There was silence between them for a few seconds, punctuated by the cries of the children on the swings and the flies buzzing around Aidan Brown’s head. “And then you saw me,” he said, “and you thought Halle-fucking-lulleiah, things ain't that bad after all.”

“I saw an innocent monster,” the woman said. “Something that couldn't exist. Horrific, nightmarish, agonised.”

“You sound like my ex-wife.”

“I recognised the work of Harold Maine. I knew he'd done that to you - whatever that is.”

“He was a regular at a home game I run,” Aidan said. “Poker. Always suspected him of not being quite right. Three weeks ago I see him set the deck. I confront him. He leaves. Phones me later, tells me I'm going to regret ever fucking with him. Tells me no one's going to listen to me again.” Aidan took a swig from a bottle of water and mopped his brow again. The mandibles and feeders around his mouth - or whatever they were - clicked and clacked momentarily.

“The next day, nobody else can see me or hear me. Colleagues, neighbours, people on the bus. I'm totally invisible to them. Like a ghost. The day after that, I wake up like this. Half lobster, or whatever the fuck this is. He rings me, says give him money and he'll make things better, don't and he'll make things much, much worse. No brainer. Been paying him what I can ever since.”
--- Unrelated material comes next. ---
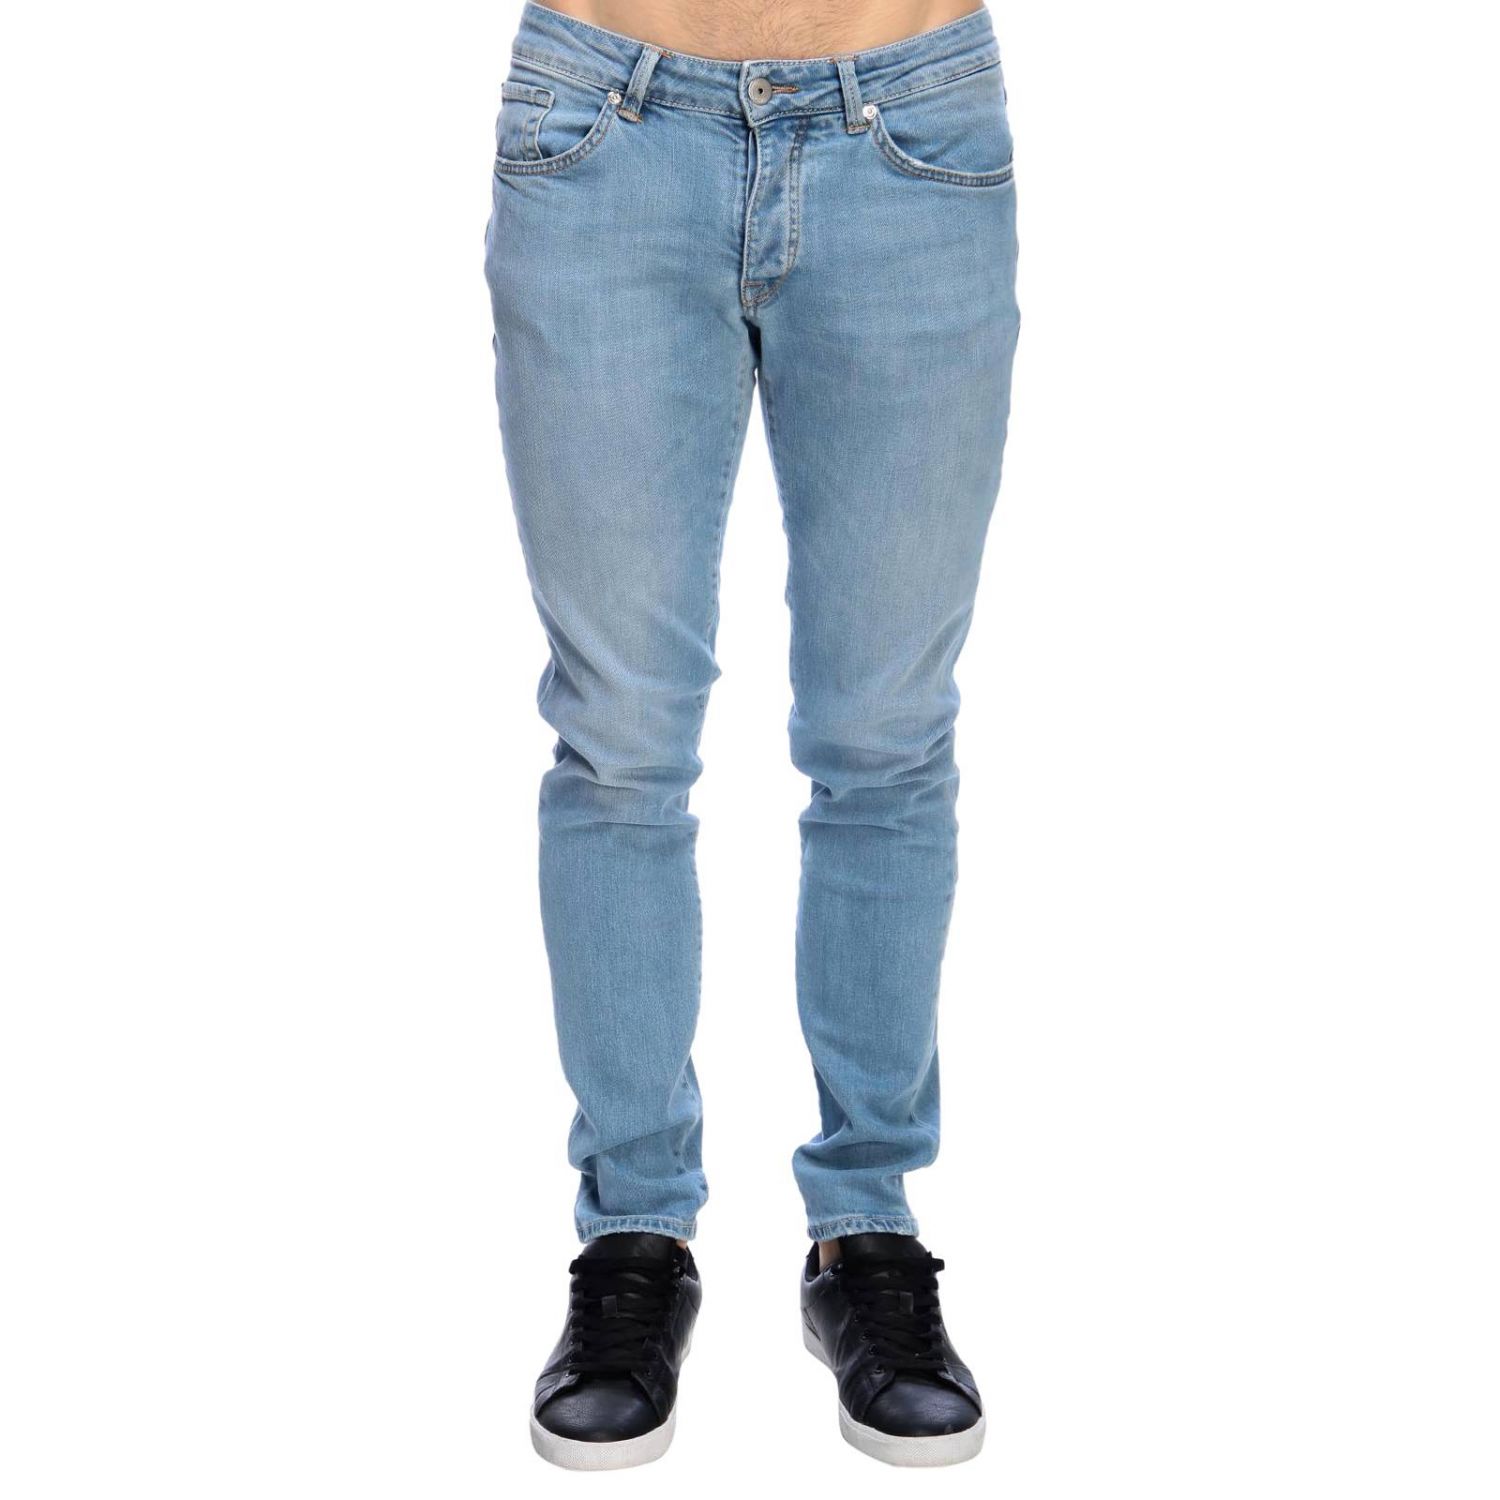 Michael Coal Outlet: Jeans men - Denim | Jeans Michael Coal DAVID 1073 ...
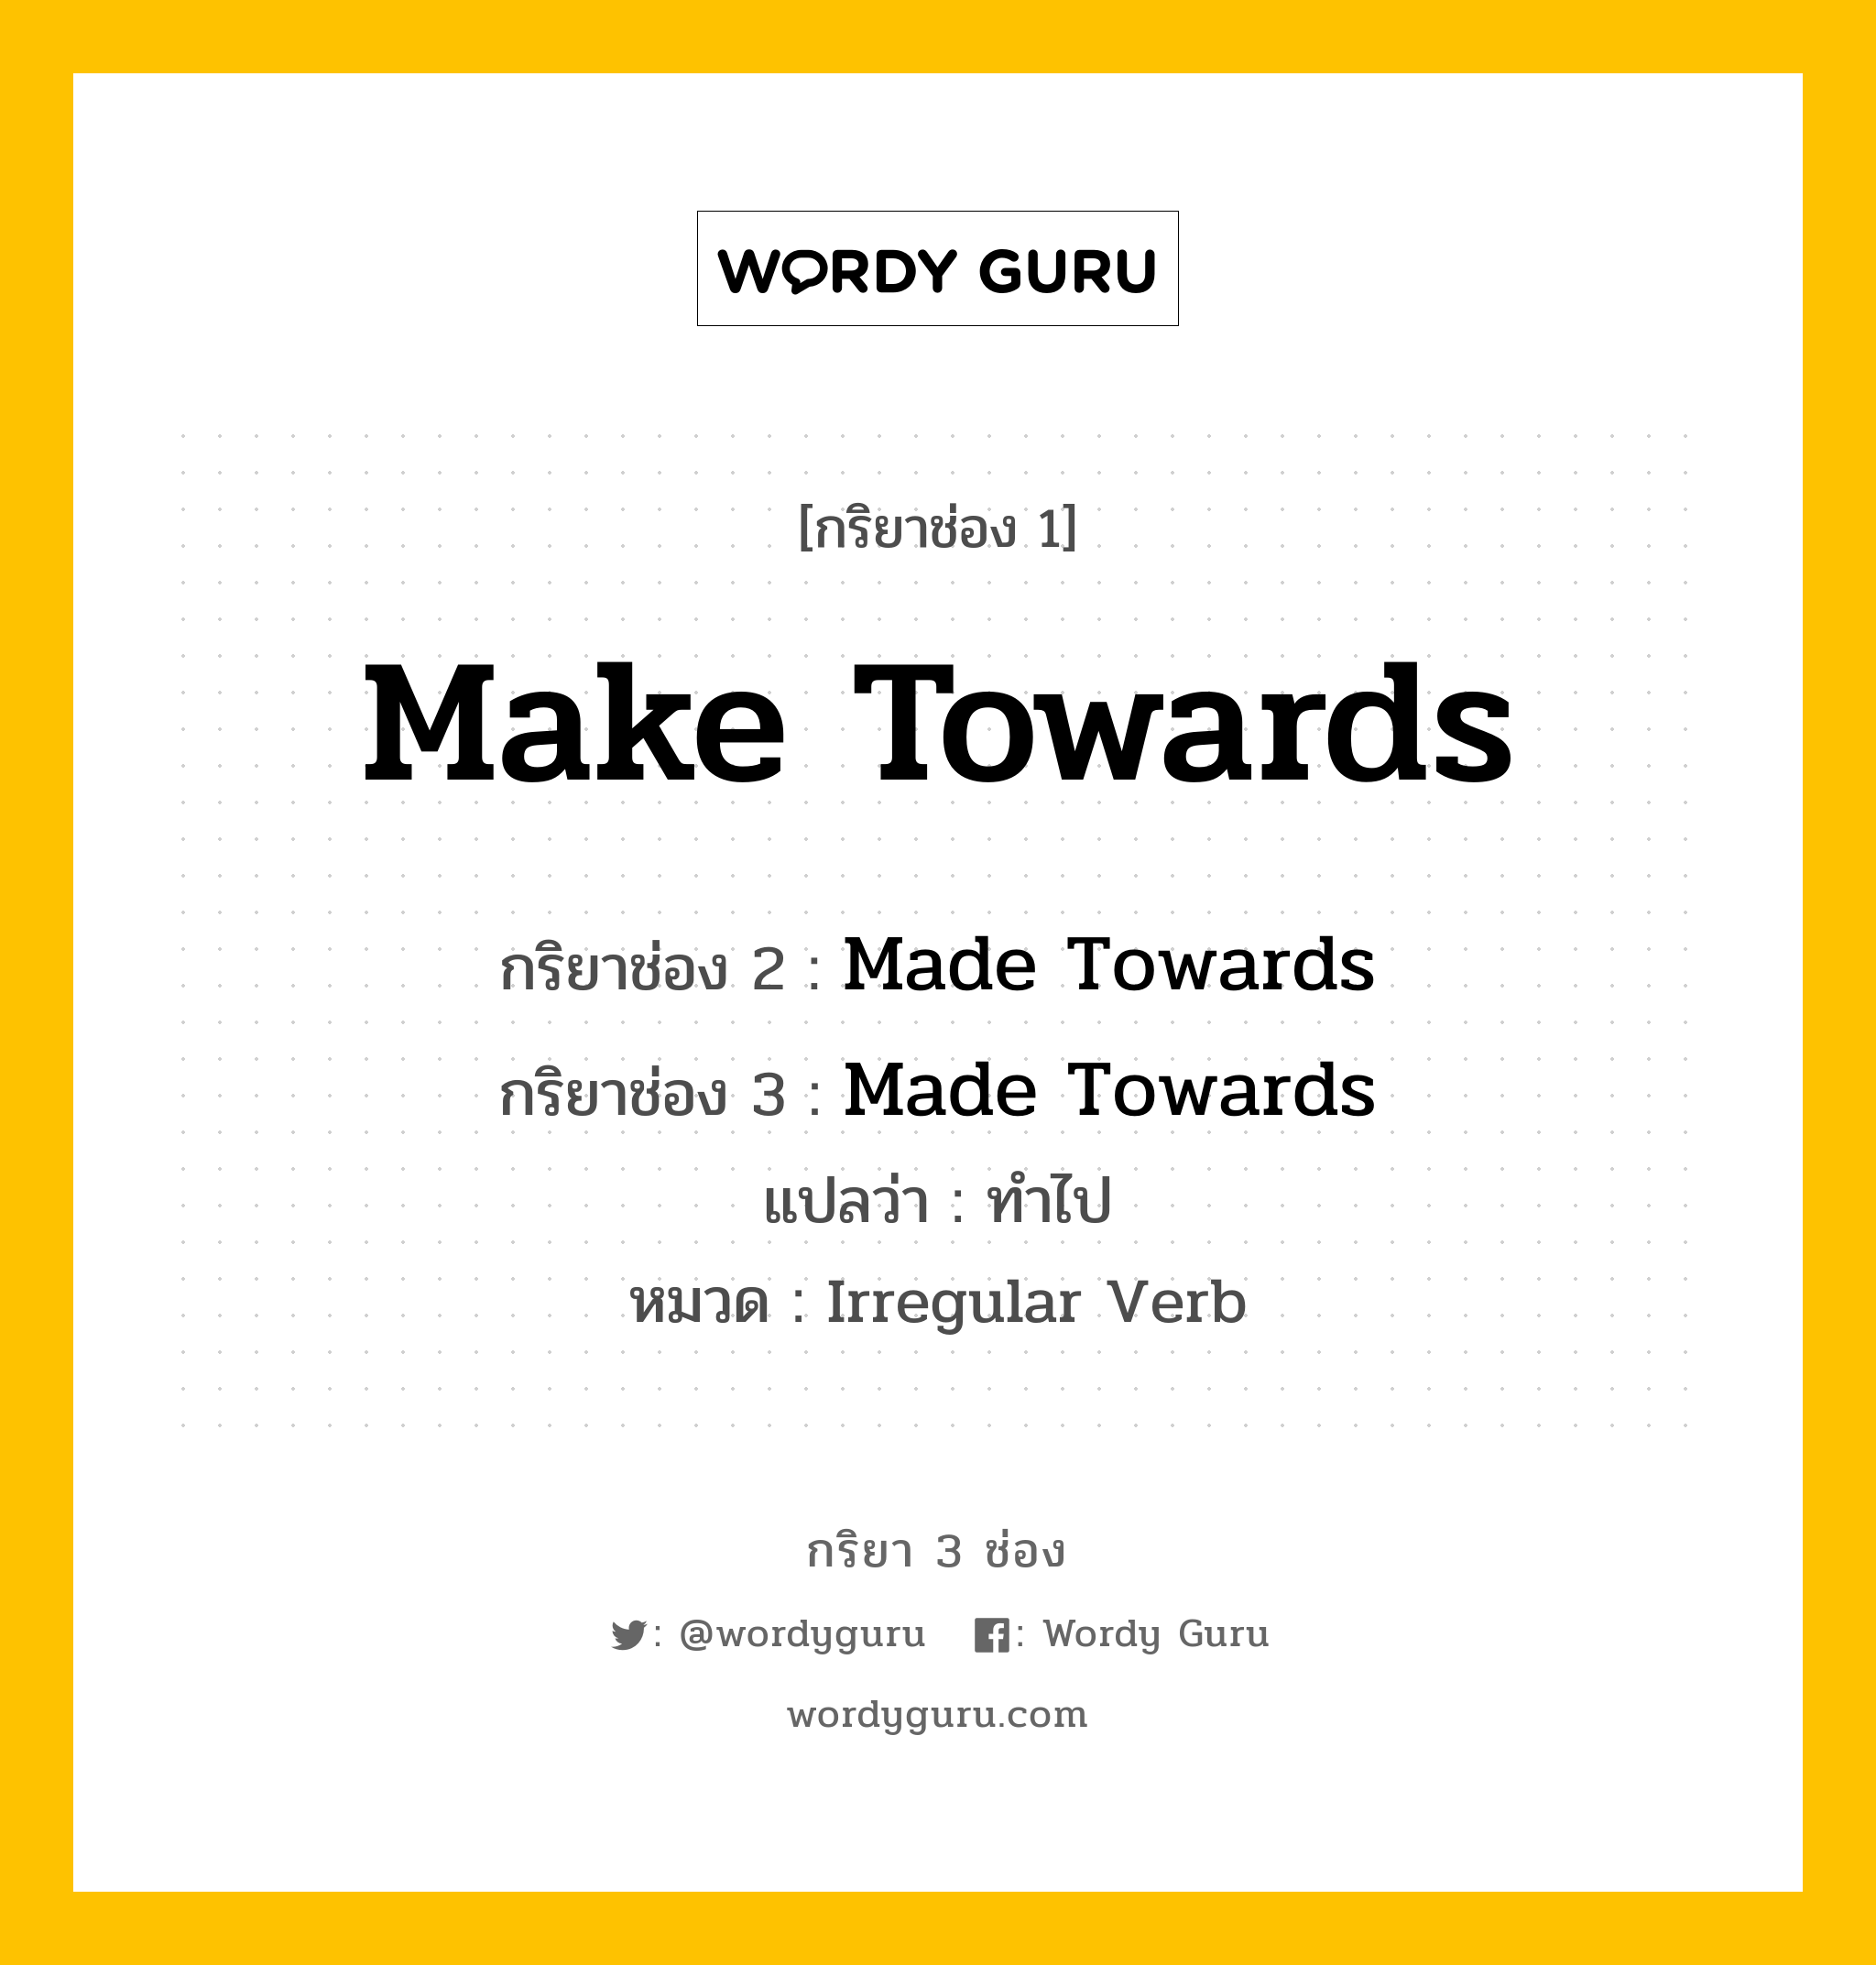 กริยา 3 ช่อง ของ Make Towards คืออะไร?, กริยาช่อง 1 Make Towards กริยาช่อง 2 Made Towards กริยาช่อง 3 Made Towards แปลว่า ทำไป หมวด Irregular Verb หมวด Irregular Verb

“Must be tricky if you're invisible.”

“Yeah,” he agreed. “I can't take any money out. Can't go to a pawnbroker. So I'm stuck with valuables - small items of jewellery, whatever cash I can get my hands - hand - on. I'm an honest man. I guess I could steal easy enough…”

“But?”

“But I'm not that sort of person. I'm honest. I've never stolen. Now I'm going to have to.” He watched the woman's daughter playing on the swings. “Amazing bounce-backability, if that's a word,” he said. “Kids go through all sorts of shit, but they're like memory foam. Not like us.”

“No,” the woman agreed. “Not like us.”

“So…”

“So…”

Angela came running up. “It smells fishy here,” she complained. Aidan Brown rolled his good eye; the woman laughed. The girl ran off again.

“So what do we do about this?” The woman asked. “You know he'll never free us. You know he can fuck us up in ways even we can't imagine. I can't go on like this.”

Aidan Brown nodded. “How many d’you think he's collecting from? How many others out there waking up wrong every day? How does he do it?”

“I don't know,” the woman admitted. “Let's find out.” She stood up suddenly and called her daughter over.

“Where are you going?”

She looked at Aidan Brown and shrugged. “The library. Wherever Maine is, that's where you'll find the other ‘poor fuckers’ like us.”

“Christ,” Aidan wheezed. “We've only just left there,” he complained. “Took me half a fucking hour to get here, and now we're going back?”

“You don't have to come.”

“Well forgive me but…” He shooed the flies away and hesitated awkwardly. He raised his lobster claw, and touched her own malformed limb, softly and without malice, and she surprised herself when she did not flinch.

“…I thought you might like someone to hold your hand,” he wheezed. The different plates of his mouth moved outwards quickly, unlocking and blossoming open in what could have been some form of laughter.

“Fucker,” the woman said. “Absolute fucking fucker.”

“You know it,” Aidan said. “Come on; now we've founded the Harold Maine Fan Club, it's time to swell our numbers.”